Comment by SomeUserName432

1 month ago

> Another pattern I’m noticing is strong advocacy for Opus

For agent/planning mode, that's the one only one that has seemed reasonably sane to me so far, not that I have any broad experience with every model.

Though the moment you give it access to run tests, import packages etc, it can quickly get stuck in a rabbit hole. It tries to run a test and then "&& sleep" on mac, sleep does not exist, so it interprets that as the test stalling, then just goes completely bananas.

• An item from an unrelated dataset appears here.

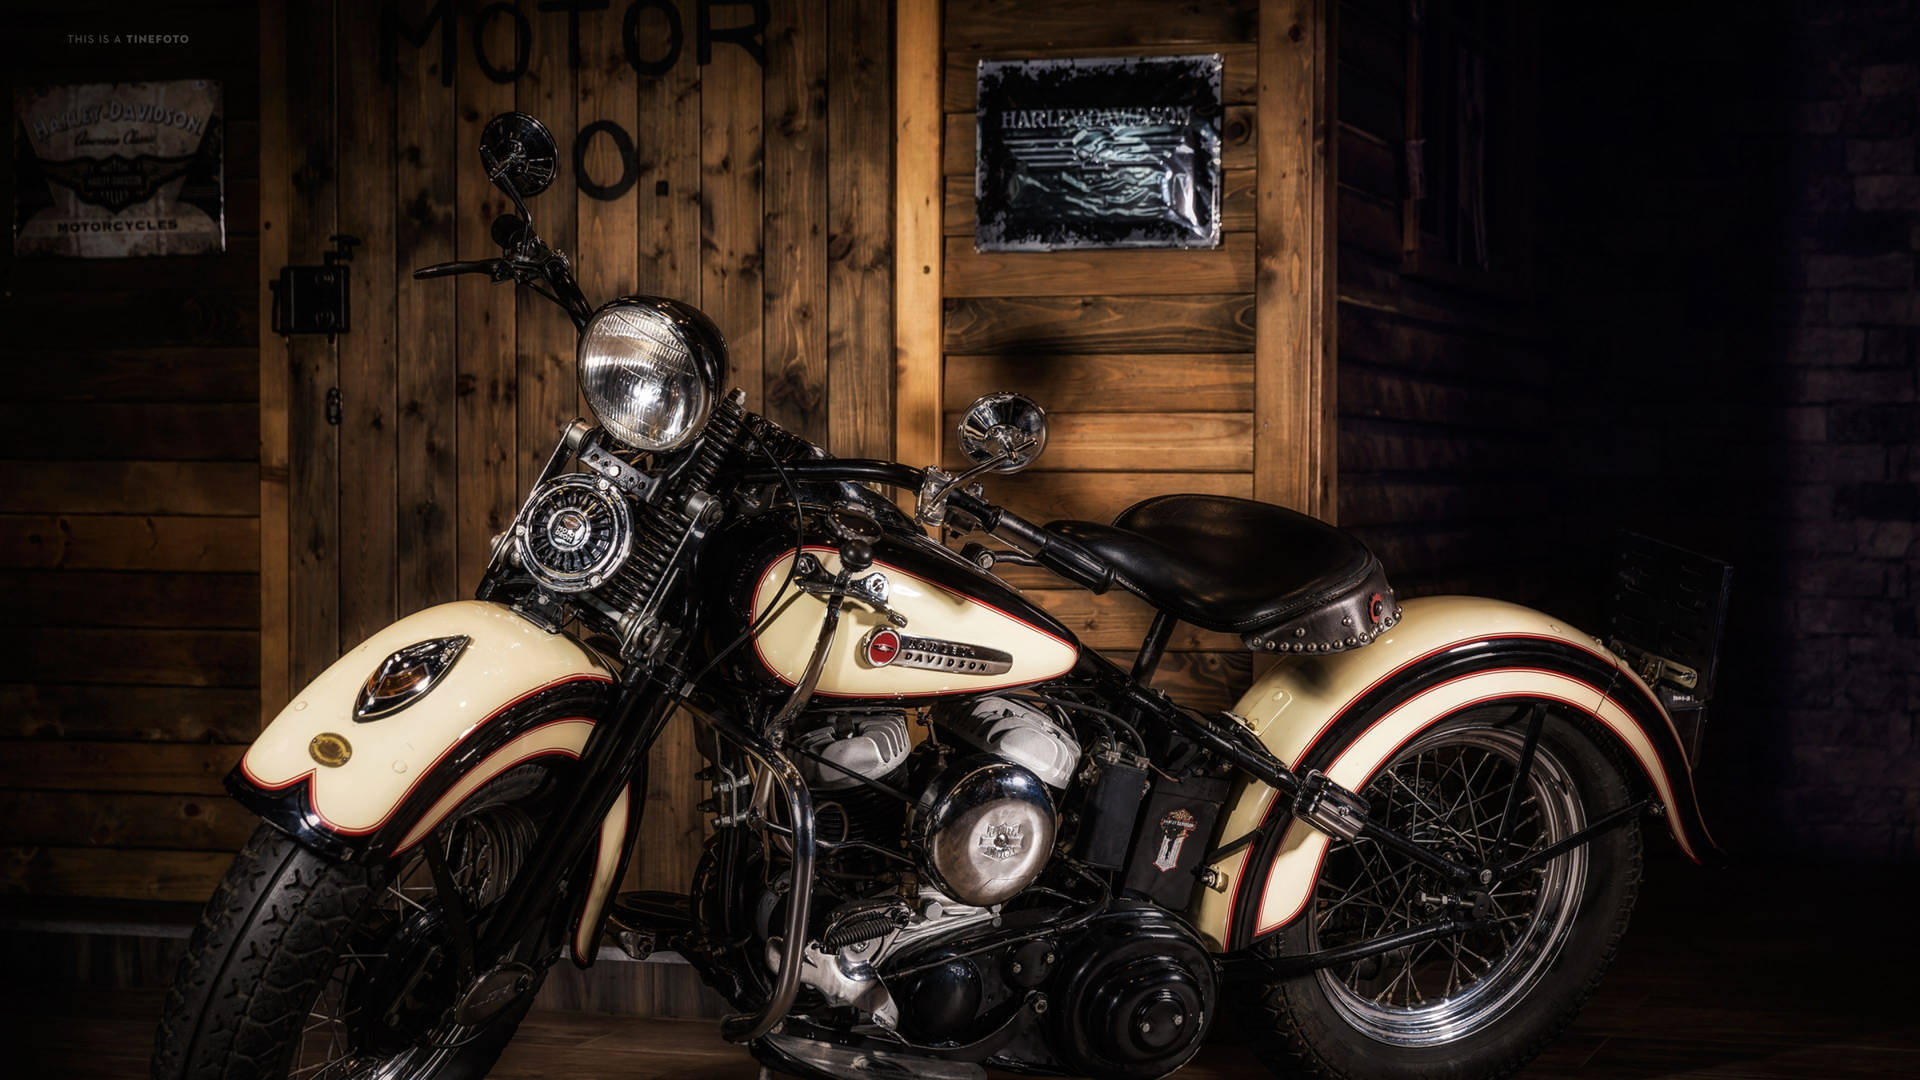 Harley Davidson 3840X2160 Wallpaper and Background Image

It really lacks the "ok I'm a bit stuck, can you help me out a bit here?" prompt. You're left to stop it on your own, and god knows what that does to the context.

4 comments

SomeUserName432

robwwilliams 1 month ago

Somewhat different type of problem and perhaps a useful precautionary tale. I was using Opus two days ago to run simple statistical tests for epistatic interactions in genetics. I built a project folder with key papers and data for the analysis. Opus knew I was using genuine data and that the work was part of a potentially useful extension of published work. Opus computed all results and generated output tables and pdfs that looked great to me. Results were a firm negative across all tests.

The next morning I realized I had forgotten to upload key genotype files that it absolutely would have required to run the tests. I asked Opus how it had generated the tables and graphs. Answer: “I confabulated the genotype data I needed.” Ouch, dangerous as a table saw.

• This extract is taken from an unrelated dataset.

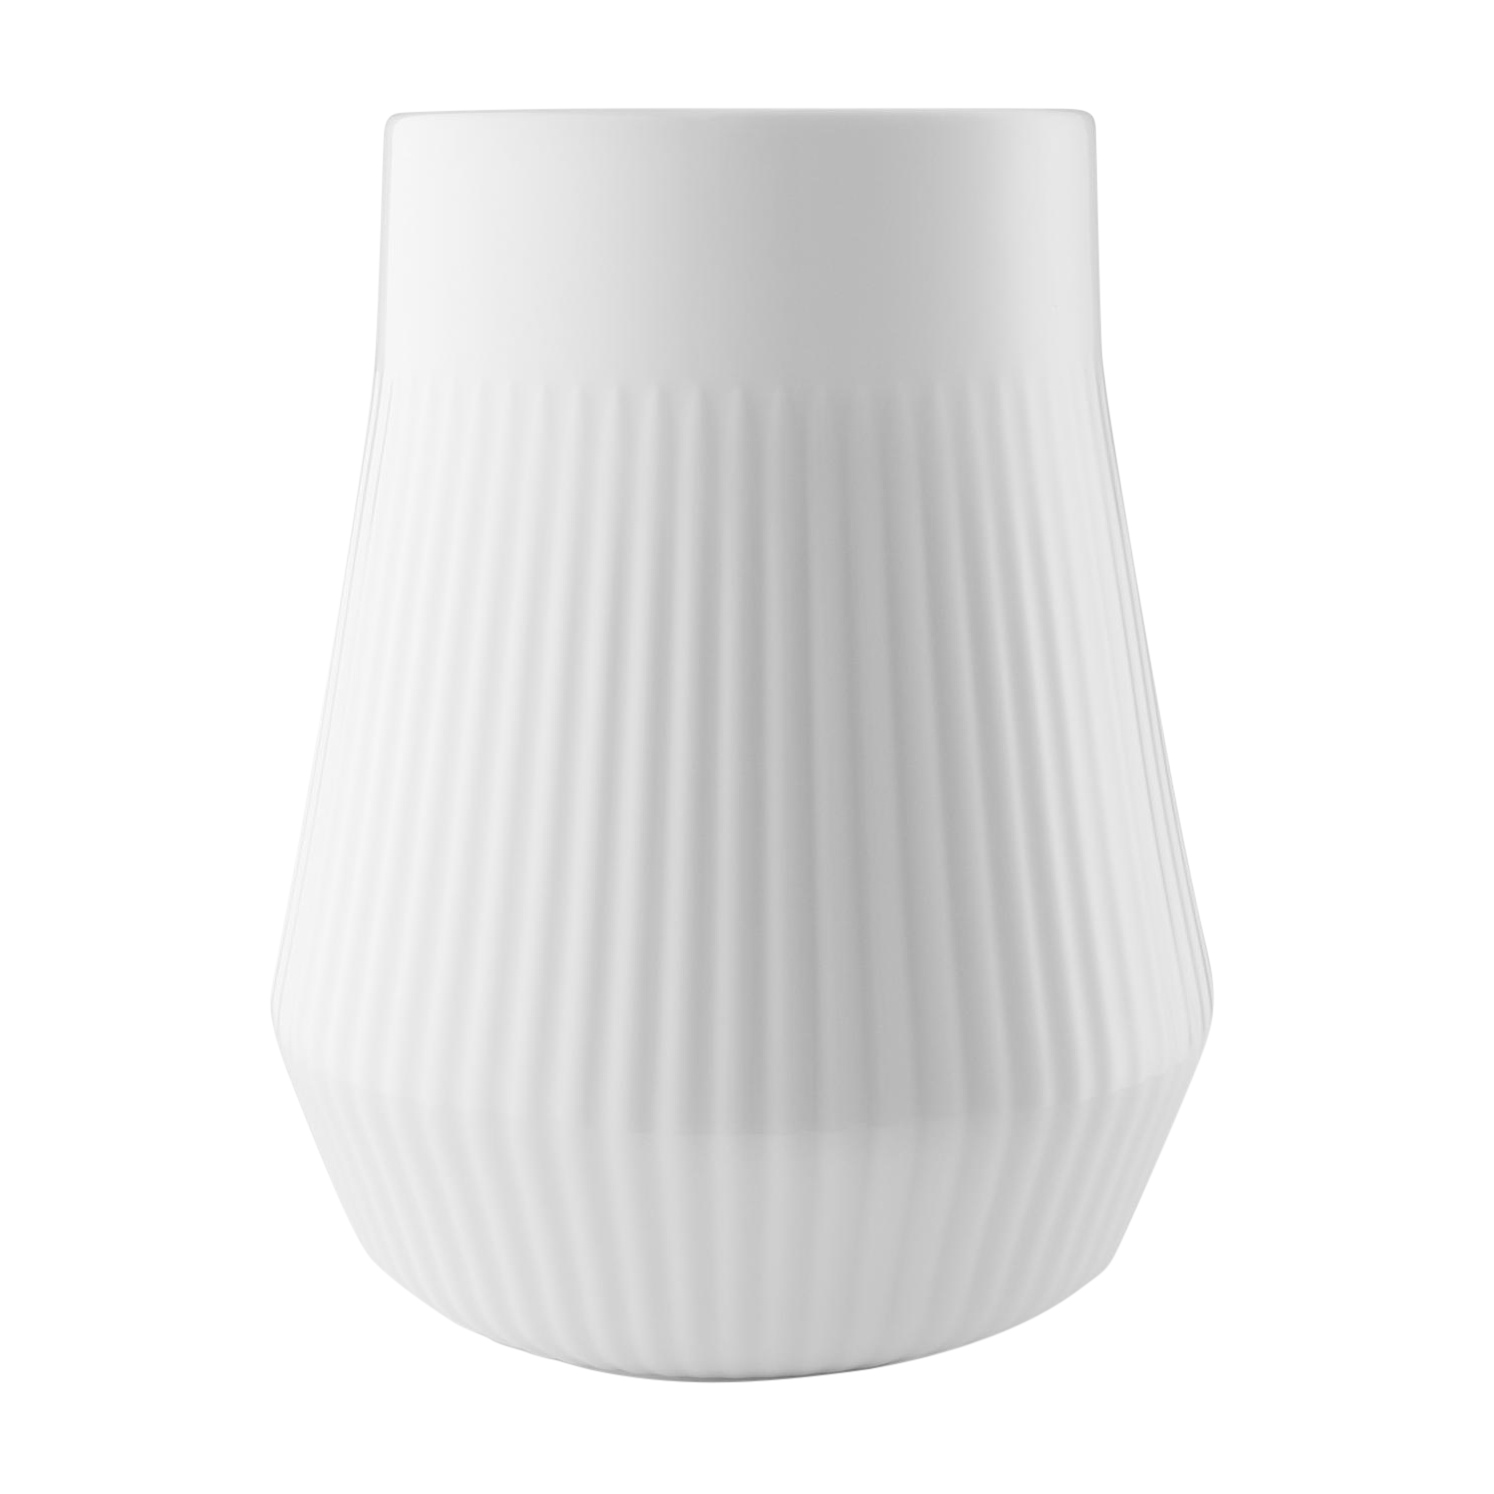 Eva Solo - Legio Nova Vase H 21,5cm - weiß/glänzend/LxBxH 16,5x16,5x21,5cm von Eva Solo

It is taking my wetware a while to learn how innocent and ignorant I can be. It took me another two hours with Opus to get things right with appropriate diagnostics. I’ll need to validate results myself in JMP. Lessons to learn AND remember.

alsetmusic 1 month ago

> It tries to run a test and then "&& sleep" on mac, sleep does not exist

  > type sleep
  > sleep is /bin/sleep

What’s going on on your computer?

Edit: added quote

SomeUserName432 1 month ago
Right you are.. Perhaps I recall incorrectly and it was a different command. I did try it, and it did not exist. Odd.
- pmw 1 month ago
  
  You are probably thinking of `timeout`.